As always, make sure you can get as much information from the customer as it helps you start to paint the picture of the fault. More importantly, you should try and replicate the fault to confirm the issue. Can’t fix what isn’t broke! The problem with intermittent faults is precisely that, they are intermittent. With no way to replicate the fault the best thing we could do was start with a DTC scan of the machine.
Fortunately, we had some stored fault codes, all pointing towards a CAN issue. Interestingly, the instrument panel for the machine also flashed up the warning for CAN message engine timeout as well as a DEF/AdBlue warning for injection failed and torque is limited.
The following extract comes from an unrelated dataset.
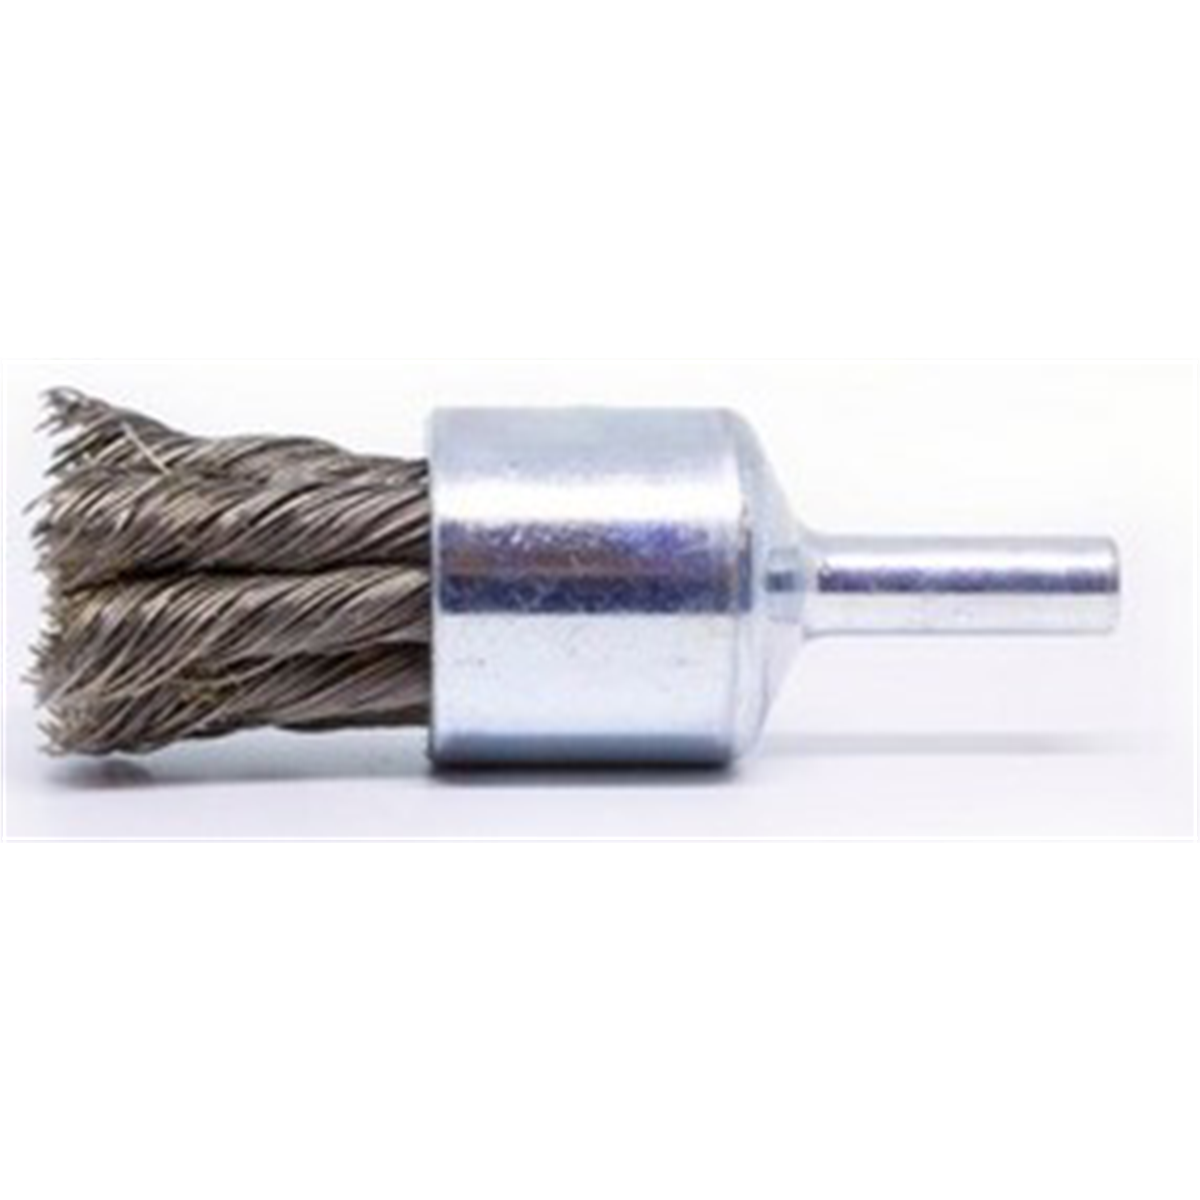 BNH-6 .014 Standard Knotted End Brush

With the DTCs recorded and some further direction, we cleared the codes hoping that they would return. We had the scope connected so that we could try to catch anything when the fault occurred.
Setting up the scope to monitor the CAN network during the operation of the machine seemed like the best course of action considering the stored fault codes. The network of this wheel loader isn’t that complicated as there are relatively few ECUs present on the BUS. However, this is a 2015 machine with over 13,000 hours and limited access in the engine bay.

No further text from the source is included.